The architecture of photosynthetic membranes is not static, but undergoes re-organisation on illumination. Elucidation of the re-organisation helps us to understand the relation between the structure and function of the membranes.

Recent intermediate atomic resolution of the protein complexes of plant thylakoid membranes reveals an intriguing aspect of their organization into highly organized oligomeric assemblies; these super-complexes enhance structural and functional stability compared to monomers.

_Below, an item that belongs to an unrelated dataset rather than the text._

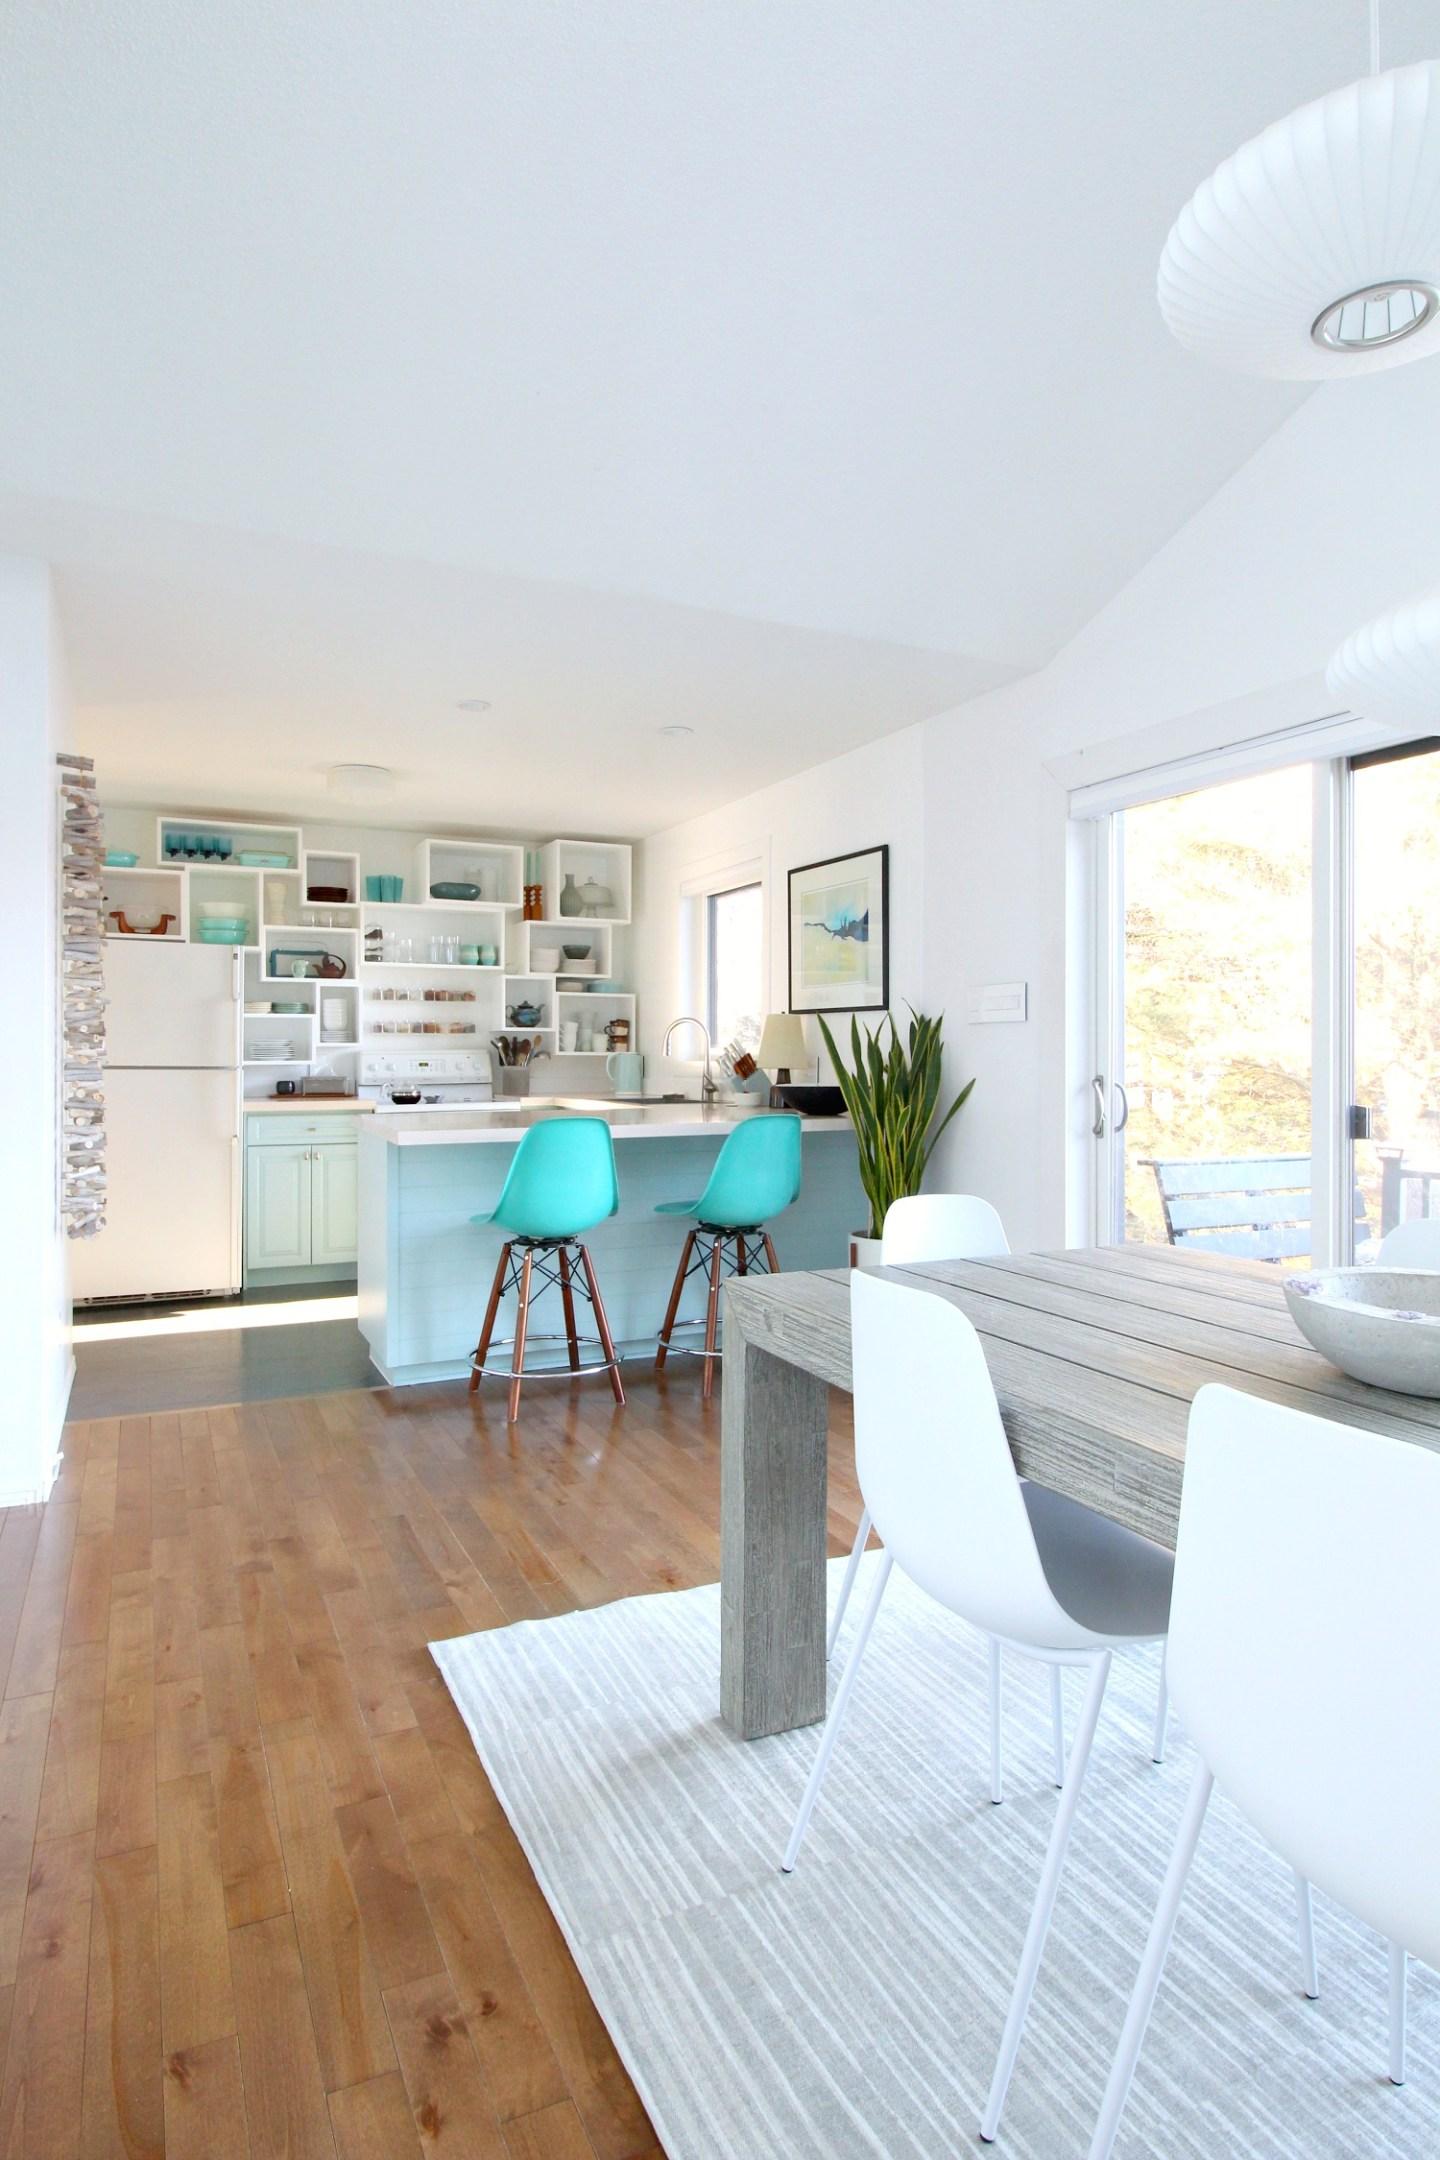 Light and Airy Coastal Kitchen Design

In contrast, little is known about the dynamic interactions of thylakoid super-complexes in vivo in the dark, in limiting light, in saturating light or in excess light where photosystem II becomes progressively photoinactivated. As well as long-term adjustments of thylakoid composition by gene expression in response to environmental cues (photosynthetic acclimation), existing super-complexes are rapidly reorganized by dynamic changes in protein structure and/or supramolecular organization within the membrane in response to light. The spectral quality of light induces limited state transitions, while light quantity induces flexible partitioning of absorbed energy between use in photosynthesis and dissipation as heat over widely fluctuating light irradiance that involves non-photochemical quenching, photosystem II photoinactivation and D1 protein repair.

Our goal is to study the structural dynamics of the supramolecular organization of the thylakoid protein complexes, particularly the dynamic structure of photosystem II in the light and in the dark, and how dynamic structural changes in grana stacking in higher plants assist function.